Notions à consulter : langue/langage ; langue
maternelle/langue vernaculaire/langue officielle
c - Plurilinguisme
Importance
de distinguer le plurilinguisme individuel et le plurilinguisme institutionnel.
A consulter
-De Saint-Robert, Philippe, “Les dangers du plurilinguisme”,
dossier Plurilinguisme, encyclopédie de la Francophonie
Informations diverses:
- Journée
internationale de la langue maternelle : 21 février : Elle a été proclamée
par la Conférence Générale de l’UNESCO en novembre 1999, pour promouvoir les
quelques 7000 langues de la planète.
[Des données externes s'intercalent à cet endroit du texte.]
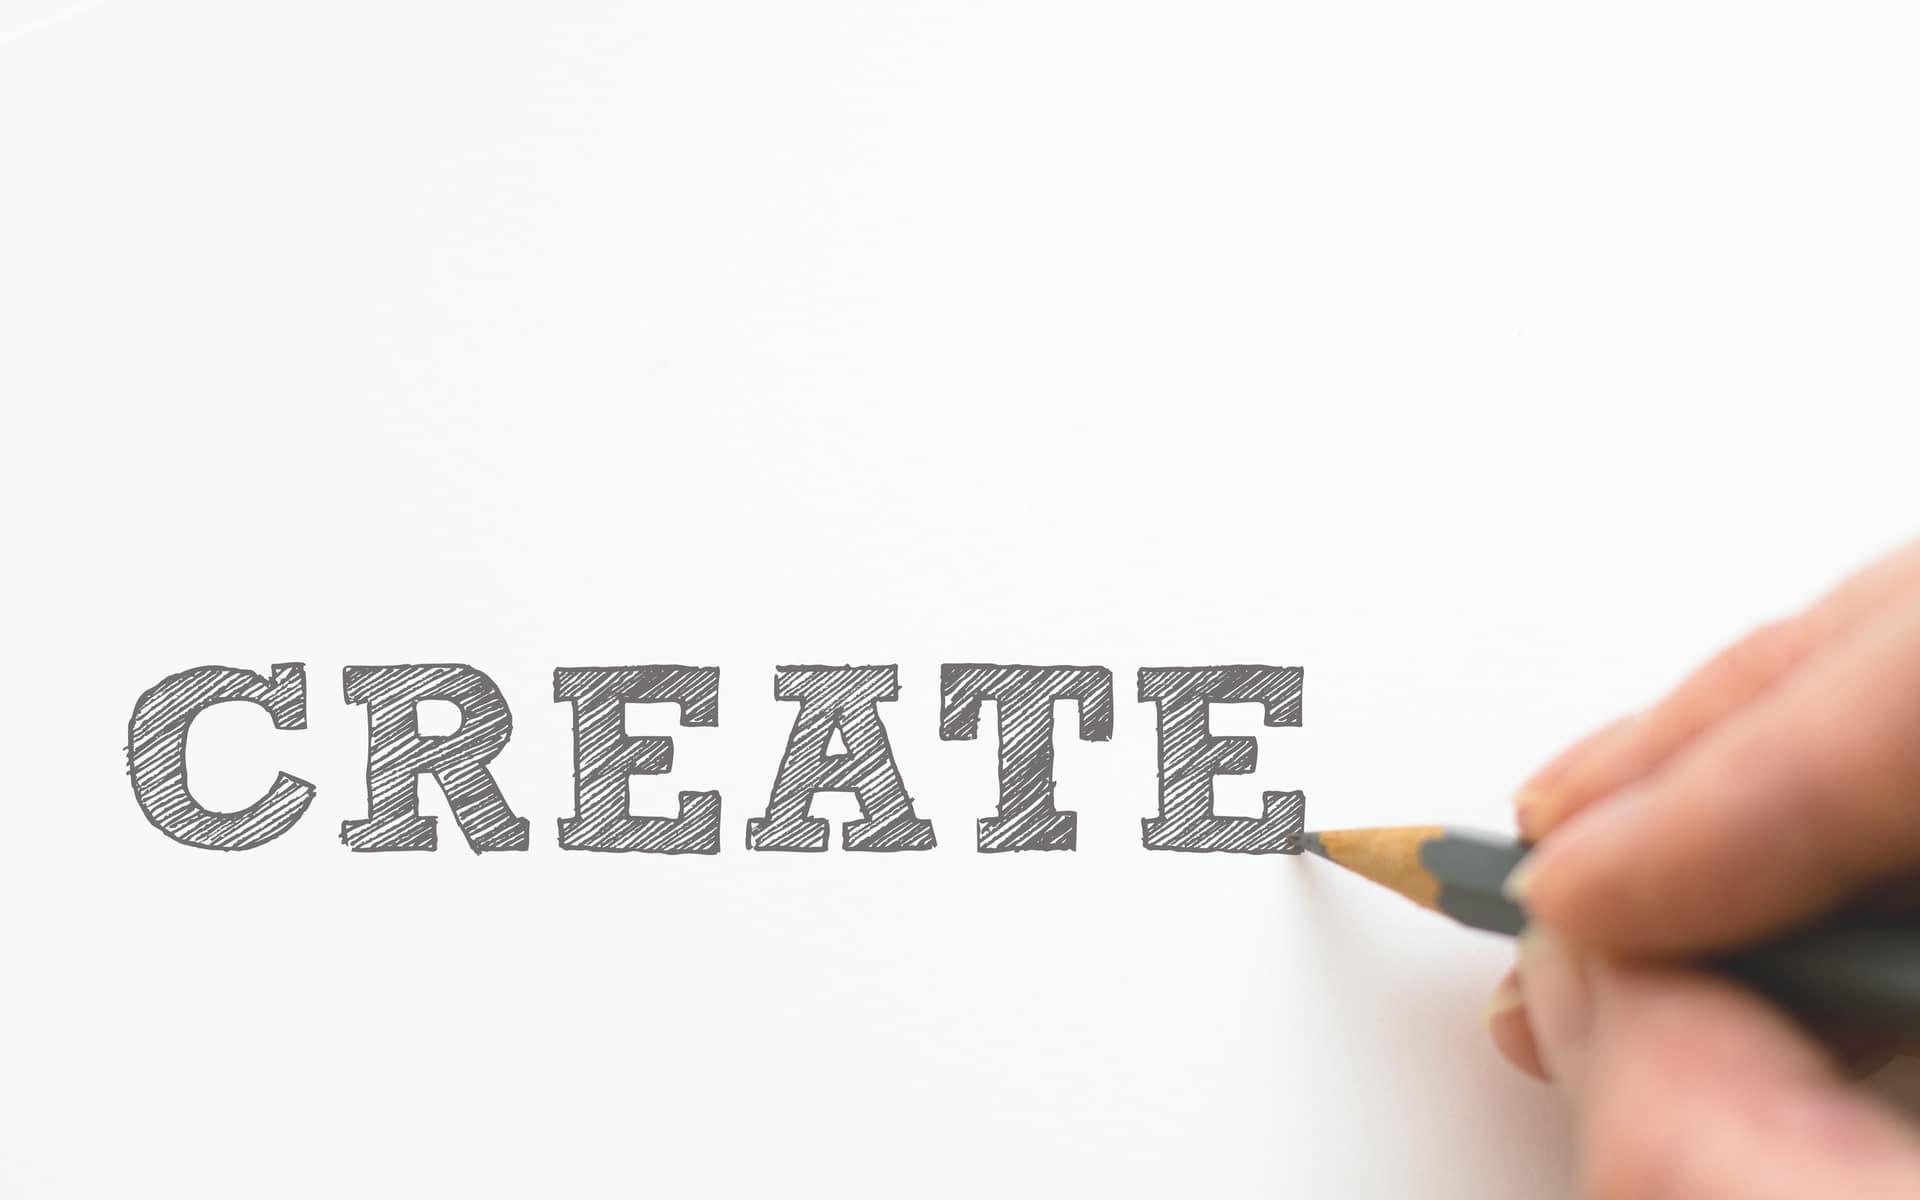 Web Design, Creating New Website

Cette journée constitue l’opportunité
d’une mobilisation en faveur de la diversité linguistique et du multilinguisme.
- Journée
internationale de la langue et de la culture créoles : 28 octobre. Journée célèbre
depuis 1983.
-Linguapax,
ONG fondée en 2001, à la suite d’une série de conférences organisées par
l’UNESCO. Objectif : promouvoir la diversité linguistique dans les relations
internationales et dans l’éducation. Des articles sont disponibles sur leur
site internet.
- Diversité
culturelle et linguistique dans l’éducation (UNESCO) : extrait du site :
“Le nombre de langues parlées dans le monde aujourd’hui a été estimé de
différentes façons à entre 6000 et 7000. L’Atlas des langues en péril dans le
monde, de l’UNESCO, a prévu qu’au moins la moitié d’entre elles pourraient
disparaitre dans les années à venir. Respecter les langues de ceux qui
appartiennent à d’autres communautés linguistiques, à travers l’enseignement
initial dans la langue maternelle, l’encouragement au pluralisme et à
l’éducation interculturelle, bilingue ou multilingue, l’accès à d’autres
systèmes de valeurs, et le partage de connaissances à travers de telles
frontières, est donc essential à une coexistence pacifique au 21ème siècle”.
A- LE
CRÉOLE DANS LA LITTÉRATURE
Entre le
XIXème et le XXème siècle, la Caraïbe connait les prémisses d’une littérature
en créole : l’écriture des débuts reste proche de l’oralité spécifique au
créole : genres courts, présence de nombreux dialogues, etc. Raphaël Confiant :
“tout le monde est bilingue, mais tout le monde n’est pas en mesure de lire le
créole. Ceux qui l’ont appris (…) ont eu des difficultés à me lire, parce
qu’ils avaient l’habitude de textes de quatre ou cinq pages, pas de romans! Il
n’y a pas plus de cent personnes qui ont vraiment lu mes romans en créole”[1].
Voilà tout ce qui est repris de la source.